## PROBLEM TO SOLVE
Please return the listing exactly as written, but without its pictures.

━━━ INFORMATION SHOWN

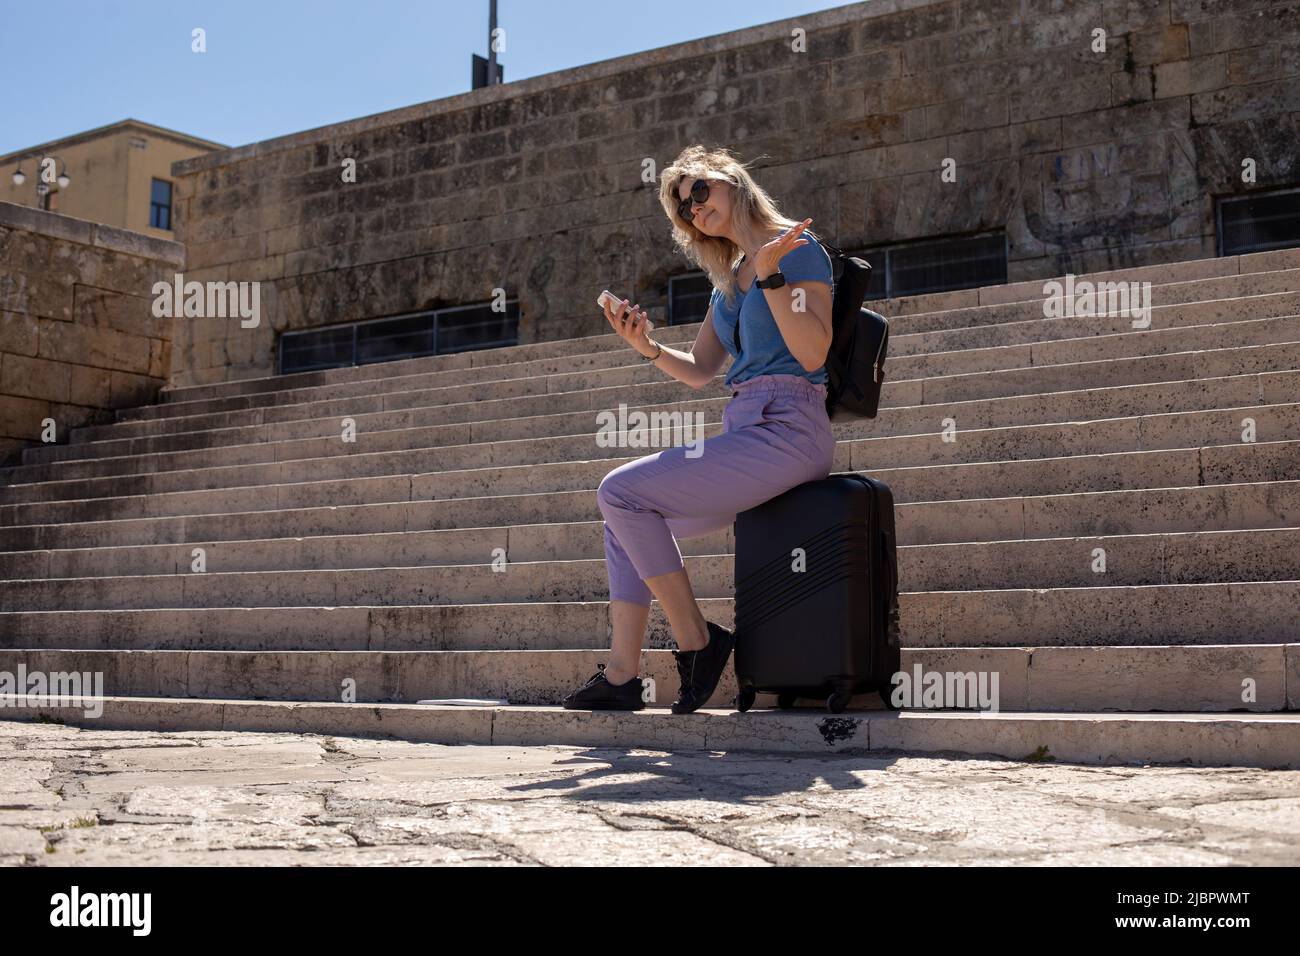 Jeune femme souriante assise sur une valise noire près des escaliers en béton de l'ancien bâtiment, tenant un smartphone, faisant des gestes. Banque D'Images
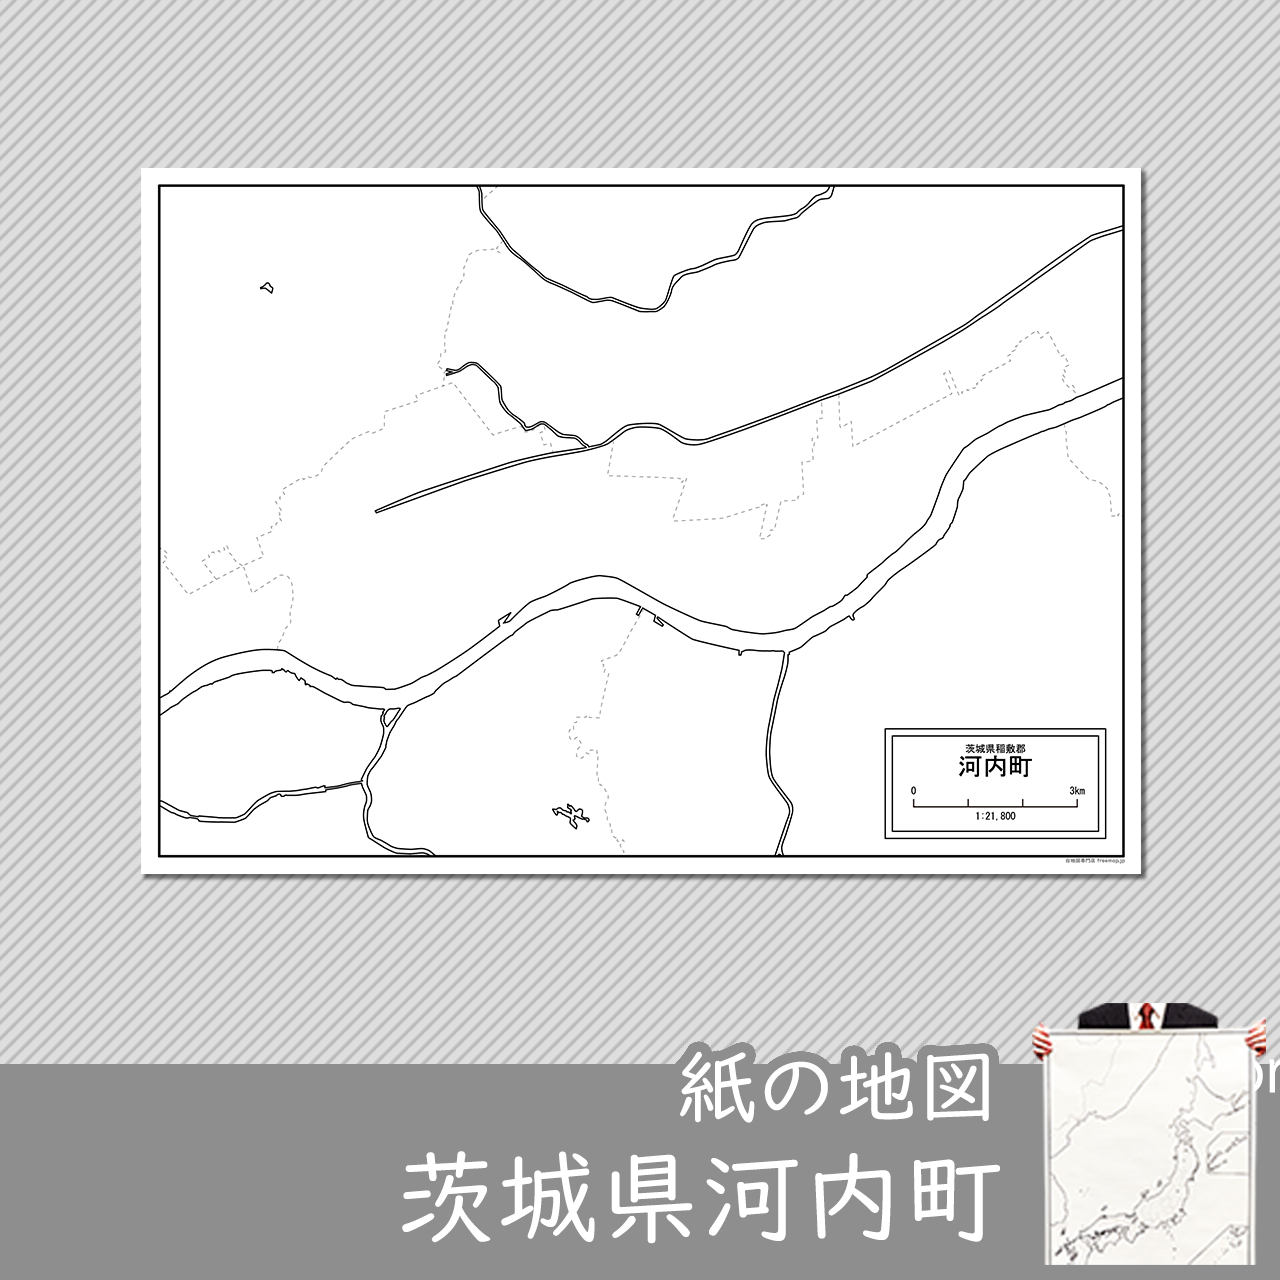 河内町の紙の白地図のサムネイル
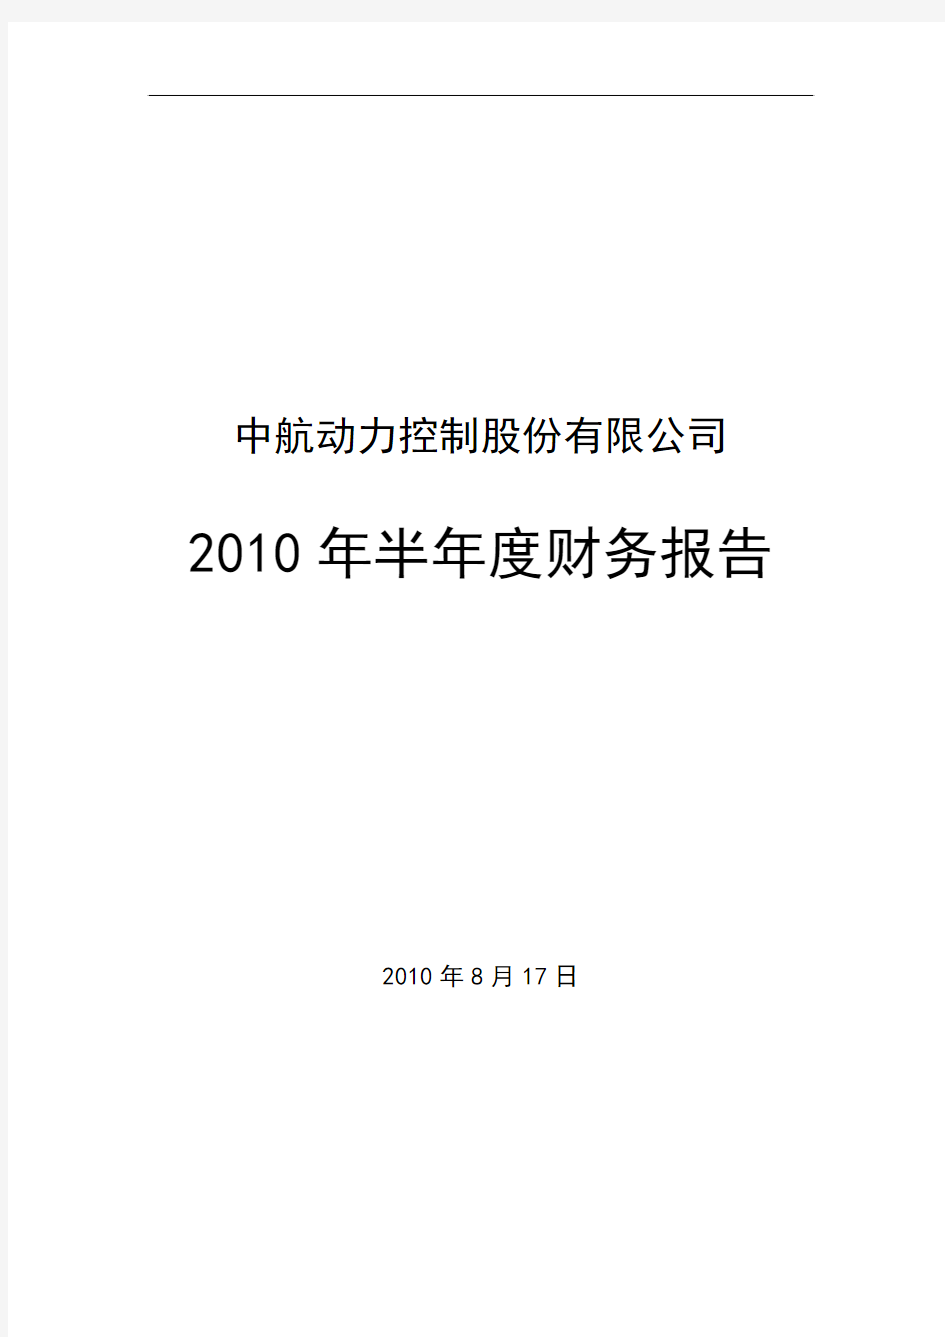 ST宇航：2010年半年度财务报告 2010-08-19

━━━━━━

## RESPONSE BELOW
 Jeune femme souriante assise sur une valise noire près des escaliers en béton de l'ancien bâtiment, tenant un smartphone, faisant des gestes. Banque D'Images
 河内町の紙の白地図のサムネイル
 ST宇航：2010年半年度财务报告 2010-08-19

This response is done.